6 XML Programming Best Practices

This chapter describes the best programming practices to use when creating Java applications that process XML data.

This chapter includes the following sections:

When to Use the DOM, SAX, and StAX APIs
Increasing Performance of XML Validation
When to Use XML Schemas or DTDs
Configuring External Entity Resolution for Maximum Performance
Using SAX InputSources
Improving Performance of Transformations

When to Use the DOM, SAX, and StAX APIs

You can parse an XML document with the DOM, SAX, or StAX APIs. This section describes the pros and cons of each API.

The DOM API is good for small documents, or those that contain under a thousand elements. Because DOM constructs a tree of your XML data, it is ideal for editing the structure of your XML document by adding or deleting elements.

The DOM API parses the entire XML document and converts it into a DOM tree before you can begin processing it. This cost might be beneficial if you know that you need to access the entire document. If you occasionally need to access only part of the XML document, the cost could decrease the performance of your application with no added benefit. In this case the SAX or StAX API is preferable.

The SAX API is the most lightweight of the APIs. It is ideal for parsing shallow documents (documents that do not contain much nesting of elements) with unique element names. SAX uses a callback structure; this means that programmers handle parsing events as the API is reading an XML document, which is a relatively efficient and quick way to parse.

However, the callback nature of SAX also means that it is not the best API to use if you want to modify the structure of your XML data. Additionally, programming your application to handle callbacks is not always straight-forward and intuitive.

The StAX API is based on SAX, so all the reasons for using SAX also apply to the StAX API. In addition, the StAX API is more intuitive to use than SAX, because programmers ask for events rather than react to them as they happen. The StAX API is also best if you plan to pass the entire XML document as a parameter; it is easier to pass an input stream than it is to pass SAX events. Finally, the StAX API was designed to be used when binding XML data to Java objects.

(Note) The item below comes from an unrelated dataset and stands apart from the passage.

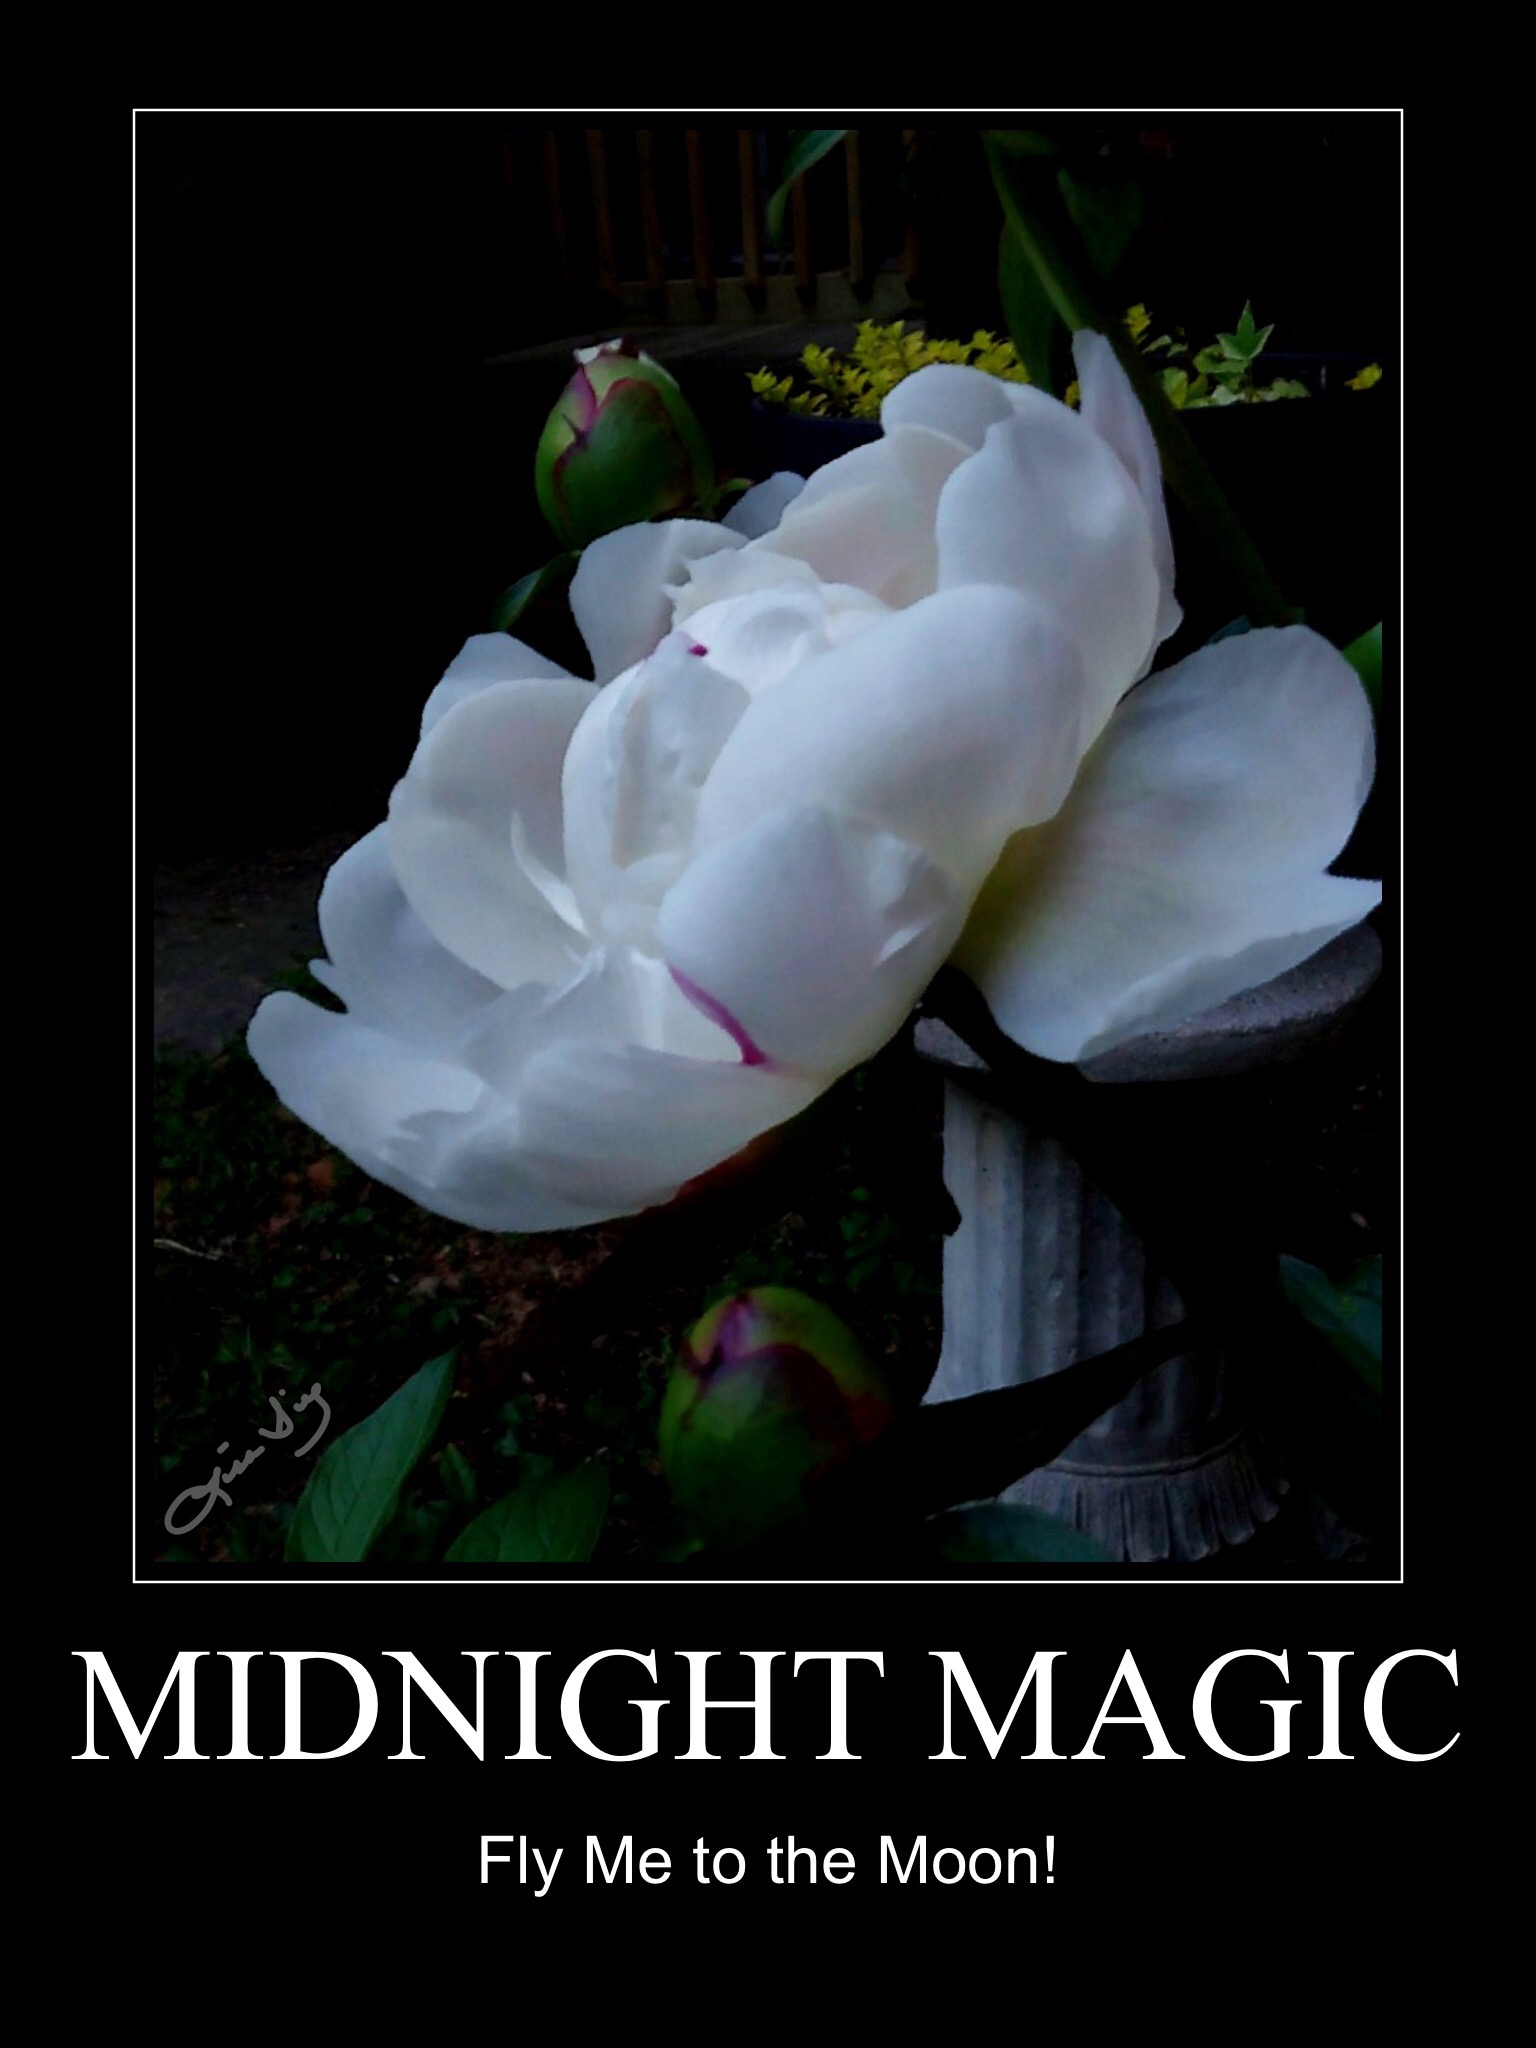 Midnight Magic poster.JPG

Increasing Performance of XML Validation

If the performance of your XML application decreases due to a parser validation issue, and you need to validate your XML documents, you might improve the performance of your application by writing your own customized code that validates the data as it is being received or parsed, rather than using the setValidating() method of the DocumentBuilderFactory or SaxParserFactory.

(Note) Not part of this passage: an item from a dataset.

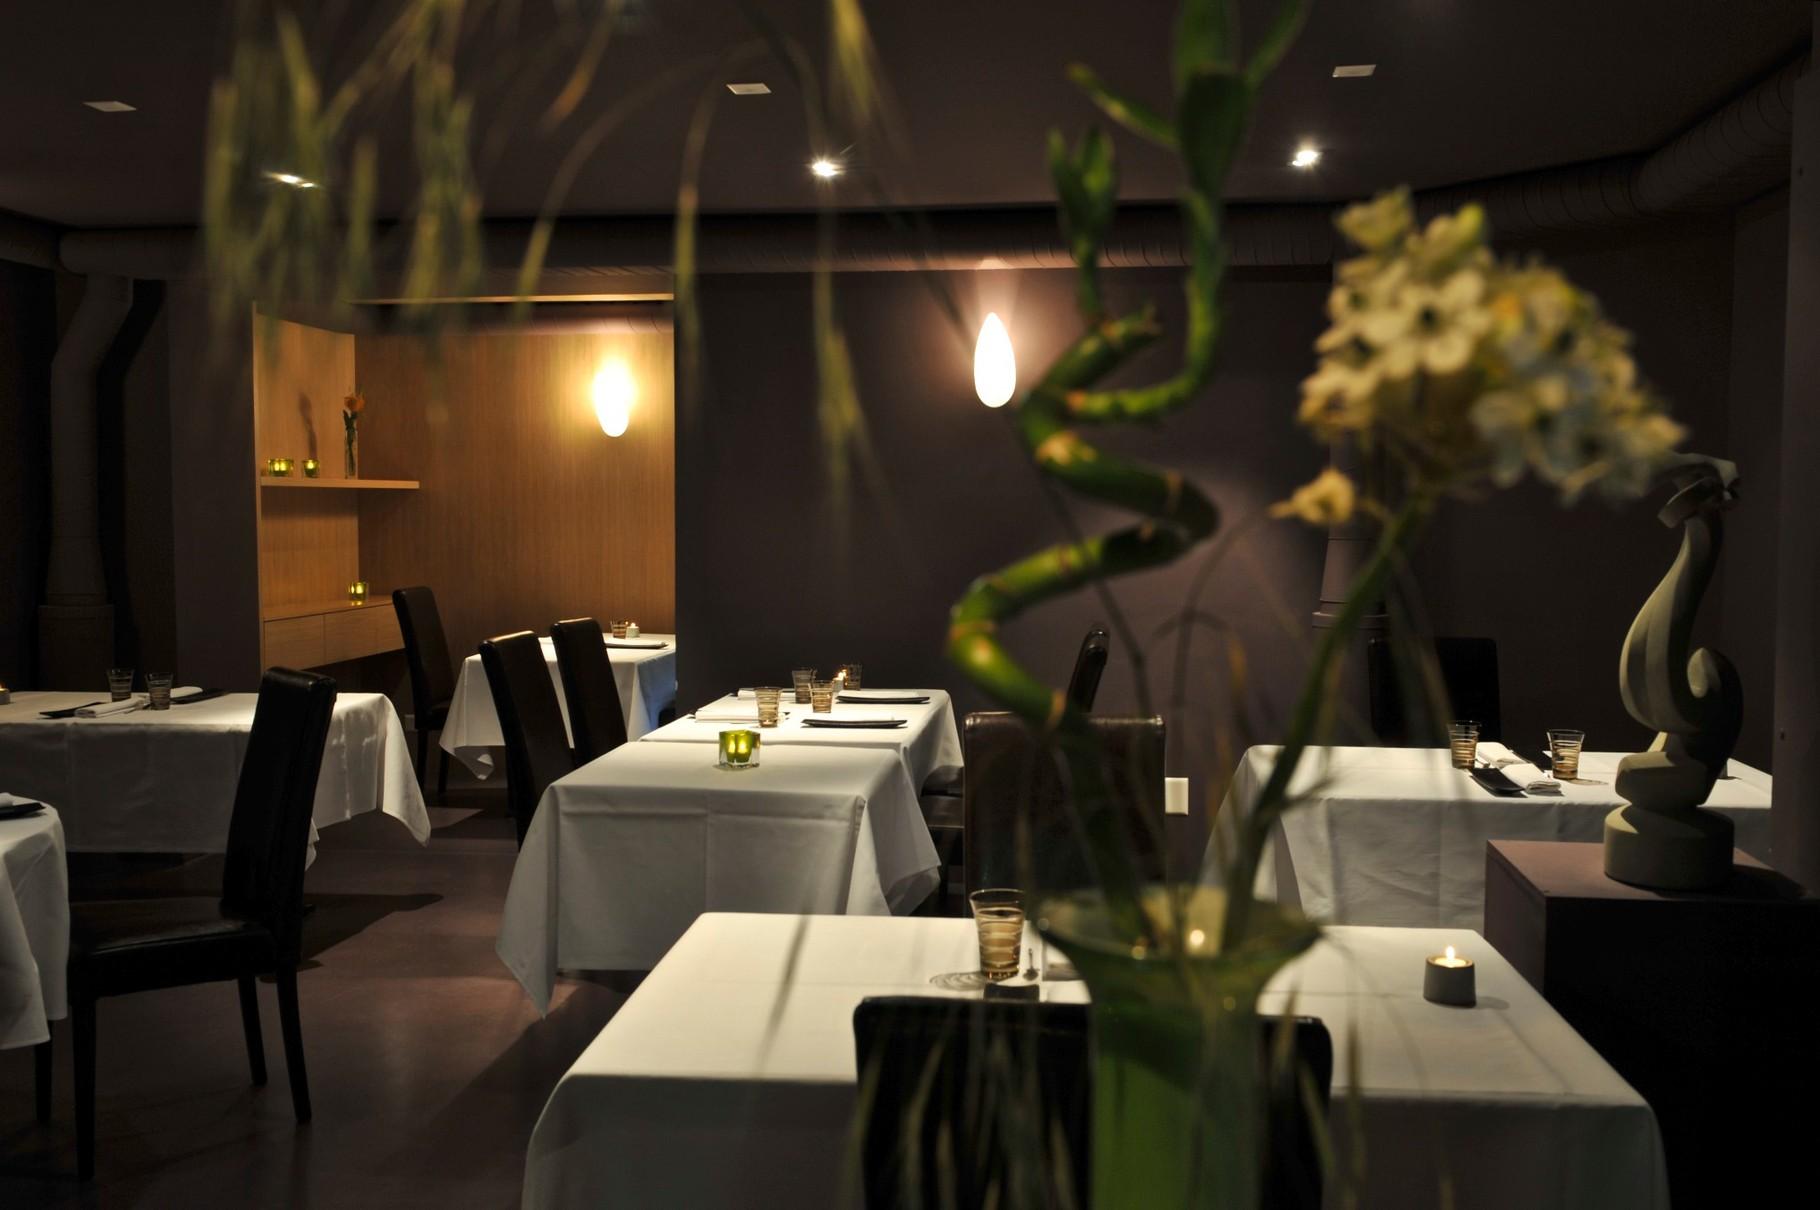 Restaurant La Tavola Pronta Bern, Architekt Bauherr

When you turn on validation while parsing an XML document with SAX or DOM, the parser might do more validation of the document than you really need, thus decreasing the overall performance of the application. Instead, consider choosing certain points during the parsing of the document when you want to check that the XML document is valid, and add your own Java code at those points.

For example, assume you are writing an application that uses the WebLogic XML Streaming API to processes an XML purchase order. Because you know that the first element of the document should be <purchase_order>, you can quickly verify that the document appears to be valid by pulling the first element off the stream and checking its name. This check does not ensure that the entire XML document is valid, of course, but you can continue checking for known elements as you pull elements from the stream. These quick checks are much faster than using the standard setValidating() methods.

When to Use XML Schemas or DTDs

There are two ways to describe the structure of an XML document: DTDs and XML Schemas.

The current trend is to use Schemas to describe XML documents. Schemas are much more expressive than DTDs because the set of available data types to describe XML elements is much richer and you can describe more specifically what is valid in an XML document. In addition, you can only use Schemas, and not DTDs, in SOAP messages. Because SOAP is the main messaging protocol used in Web services, consider using Schemas to describe any XML documents that might be used as either input or output parameters to Web services.

Still, DTDs have a few advantages. DTDs are more widely supported than Schemas, although that is changing rapidly. Because DTDs are less expressive than Schemas, they are easier to write and manage.

However, Oracle recommends that you use Schemas to describe your XML documents.

Configuring External Entity Resolution for Maximum Performance

Oracle highly recommends you store external entities locally whenever possible rather than always retrieving the entity over the network. Storage improves the performance of your applications because it is much faster to look up an entity on the same machine as WebLogic Server than it is to look it up over a network connection.

For detailed information on configuring external entity resolution for WebLogic Server, see External Entity Configuration Tasks.

Using SAX InputSources

When you use the SAX API to parse an XML document, you first create an InputSource object from the XML document and then pass the InputSource object to the parse() method. You can create the InputSource object from either a java.io.InputStream or java.io.Reader object based on your XML data.

Oracle recommends that you create an InputSource from a java.io.InputStream object whenever possible. When passed an InputStream object, the SAX parser auto-detects the character encoding of the XML data and automatically instantiates an InputStreamReader object for you, using the correct character encoding. In other words, the parser does all the character encoding work for you, which is more likely to be error-free at runtime than if you decide to specify the character encoding yourself.

Improving Performance of Transformations

XSLT is a language for transforming an XML document into a different format, such as another XML document, HTML, WML, and so on. To use XSLT, you create a stylesheet that defines how each element in the input XML document should be transformed in the output document.

Although XSLT is a powerful language, creating stylesheets for complex transformations can be very complicated. In addition, the actual transformation requires a lot of resources and might decrease the performance of your application.

Therefore, if your transformations are complex, consider writing your own transformation code in your application rather than using XSLT stylesheets. Also consider using the DOM API. First parse the XML document, manipulate the resulting DOM tree as needed, then write out the new document, using custom Java code to transform it into its final format.